Our man remained; the two ministers remained. I wanted as many up as possible,
for every person aboard was a guarantee against the man loosing off a bullet
from his pistol.
We
were now somewhere beyond a spot called Dingwall. When would the bloody man get
off, and what would I do when he did? I had no notion. We'd been on the go for
more than an hour. I looked at Bowman, and he seemed to be asleep. Had he even
noticed the great mountains to our left? You could mistake them at first for
great banks of clouds, until you worked out that they were not moving. I peered
forwards: our quarry sat still as before. I could see the top of his wide cap.
One
of the ministers was saying, 'It's all to the guid, it's all to the guid . . .'
and I cursed his ignorance. It was
not
all to the good.
I
turned again to the window. The sound came of another bell floating through the
sleet, another station rolling into view. A curiosity on the platform: a
smoking stove attached to the base of a water tower - against ice, as I
supposed.
There
came a clattering of a door in the next carriage as I read a poster on the
station wall: 'Further North! Further North! Fortnightly Passes for Visiting
the Northern Highlands', and then, underneath, in smaller print: 'Summer Only'.
I
looked at the seat opposite; Bowman was eyeing me from the depths of his coat.
The turned-up collar had skewed his glasses.
'Who
comes up here in winter?' I asked him.
'Juggins
like us,' he muttered.
Huddled
in his coat, he did not meet my eye; he had hardly the will to speak. He hadn't
taken on alcoholic fuel for a long while, and he had now reached the point of
being made tired by the cold - which was a dangerous point. He belonged in an
office, not a Highland train; an office or a pub, of course.
I
looked out at two winter diehards in the fields, following a hay wagon as we
moved on.
I was
almost asleep myself when a jolt of the train brought me up sharply. Bowman was
eyeing me again.
'The
wild sea disclosed,' he murmured, and he nodded to the right. Great grey waves
were rising and coming at us.
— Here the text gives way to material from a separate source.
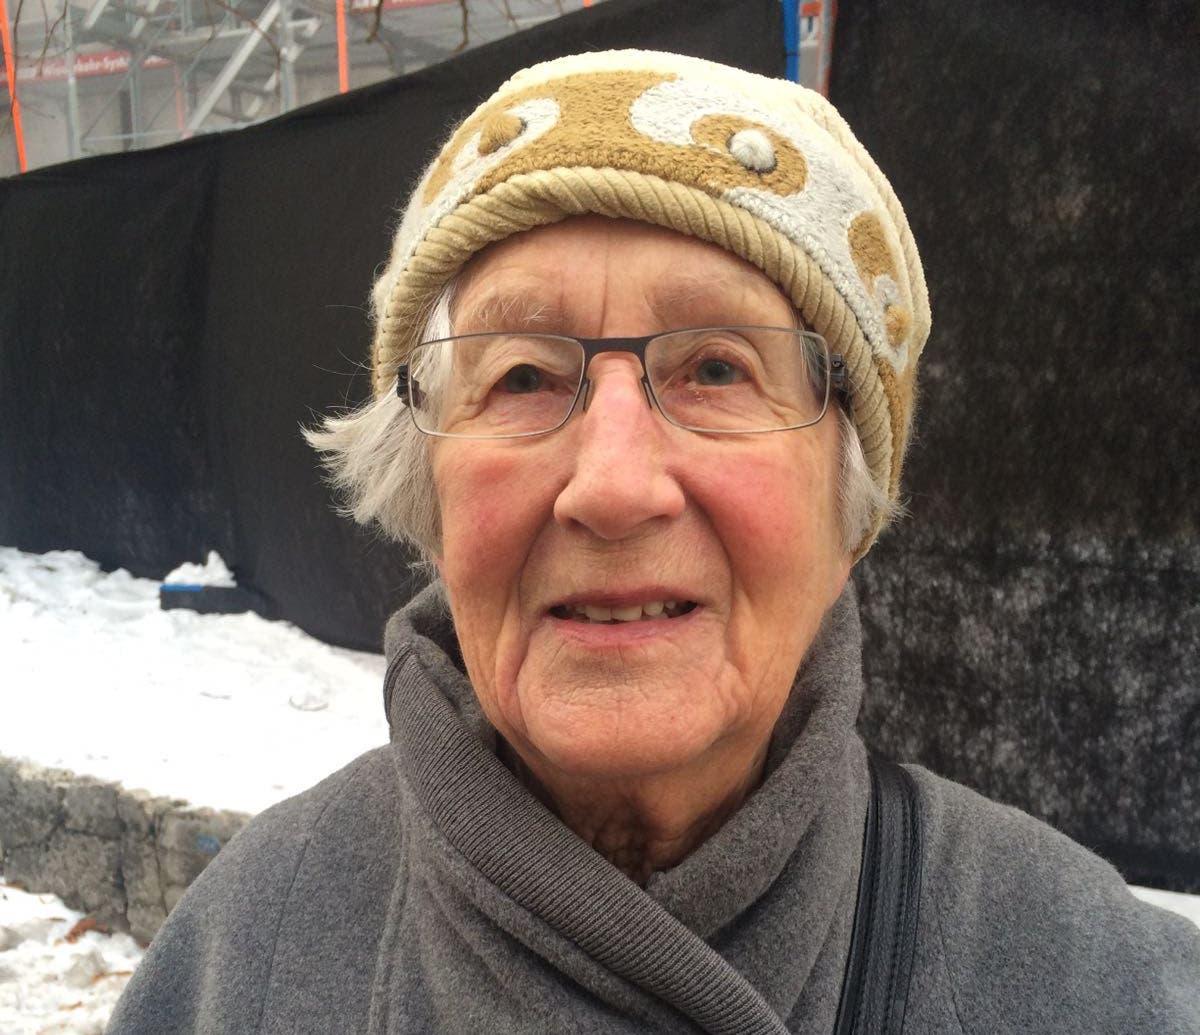 Ida Frank, 89, Olten: «Nein, mich stört die Kälte nicht, da ich mich auch immer warm genug kleide. Das Glatteis ist natürlich etwas kritisch, allerdings bin ich meist nachmittags draussen, da ist man schon ein bisschen sicherer unterwegs als am frühen Morgen. Ausserdem glaube ich, dass es der Natur gut tut.»
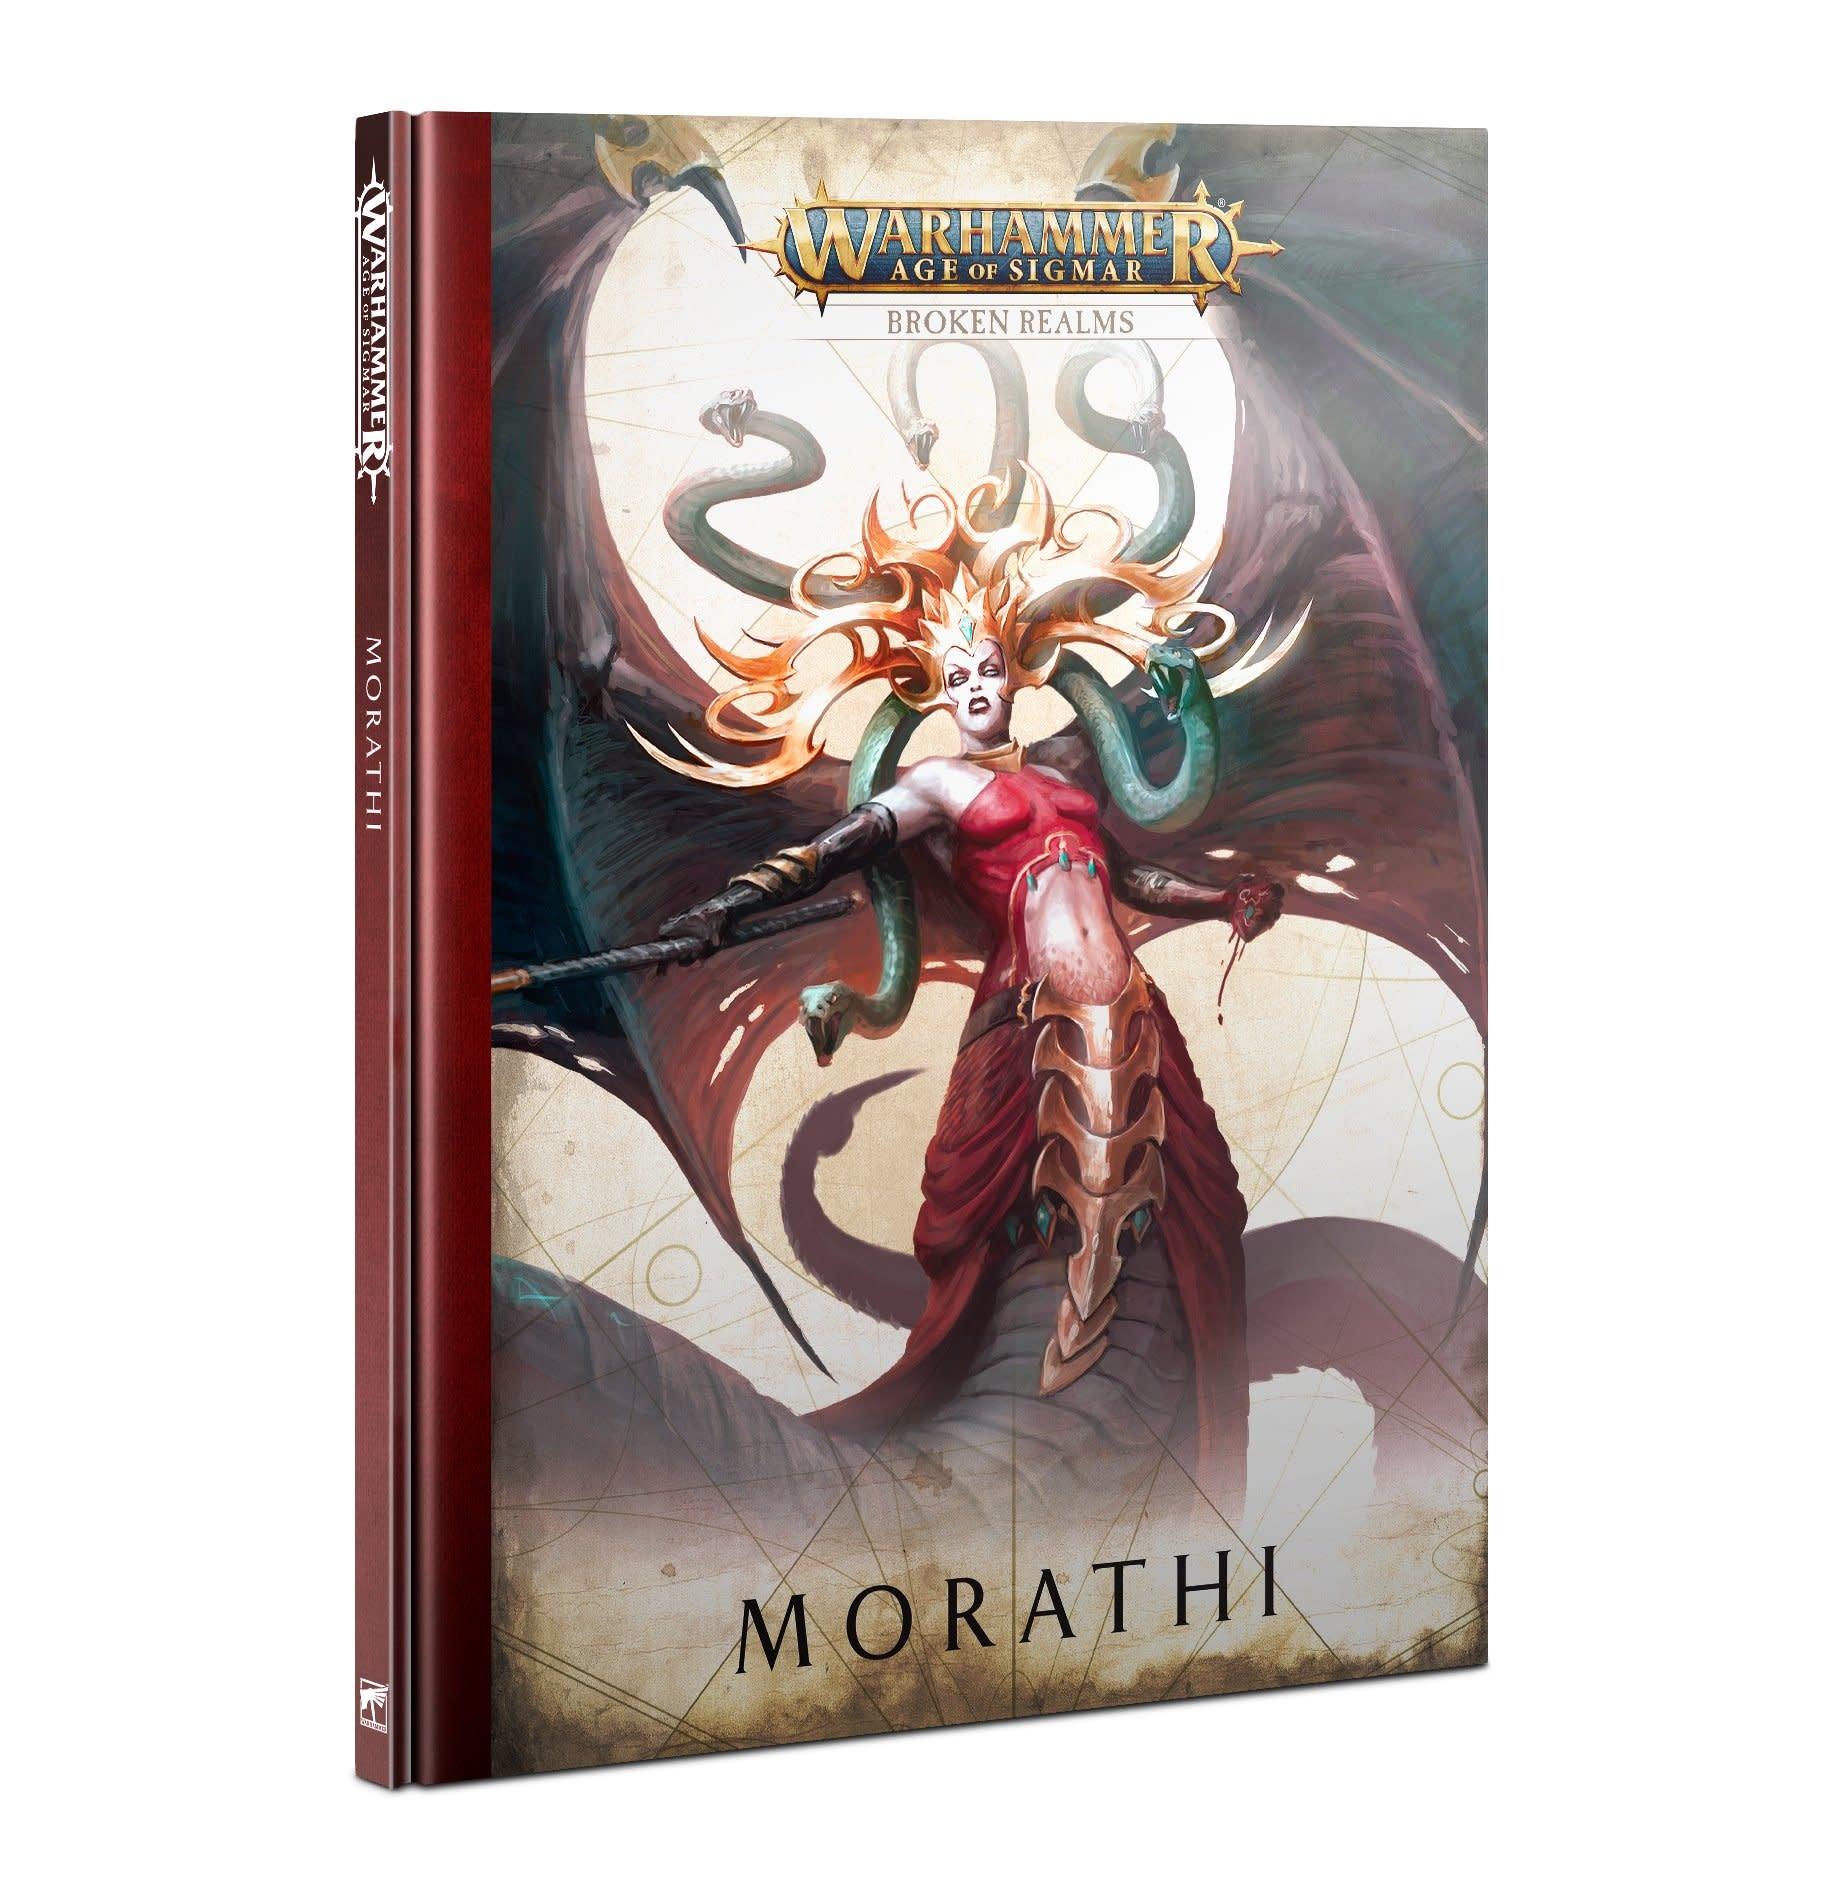 Games-Workshop Broken Realms: Morathi

The line was practically on the beach.
'When
will he bloody get off?' I said, nodding along towards our friend; but Bowman
had gone back into his own world.
I had
hoped the man might step down at Helmsdale. This was a seaport with a slightly
larger station. For once, grey houses blocked the view of fields and sea. But
while everyone bar the two ministers got off there, our bastard sat tight.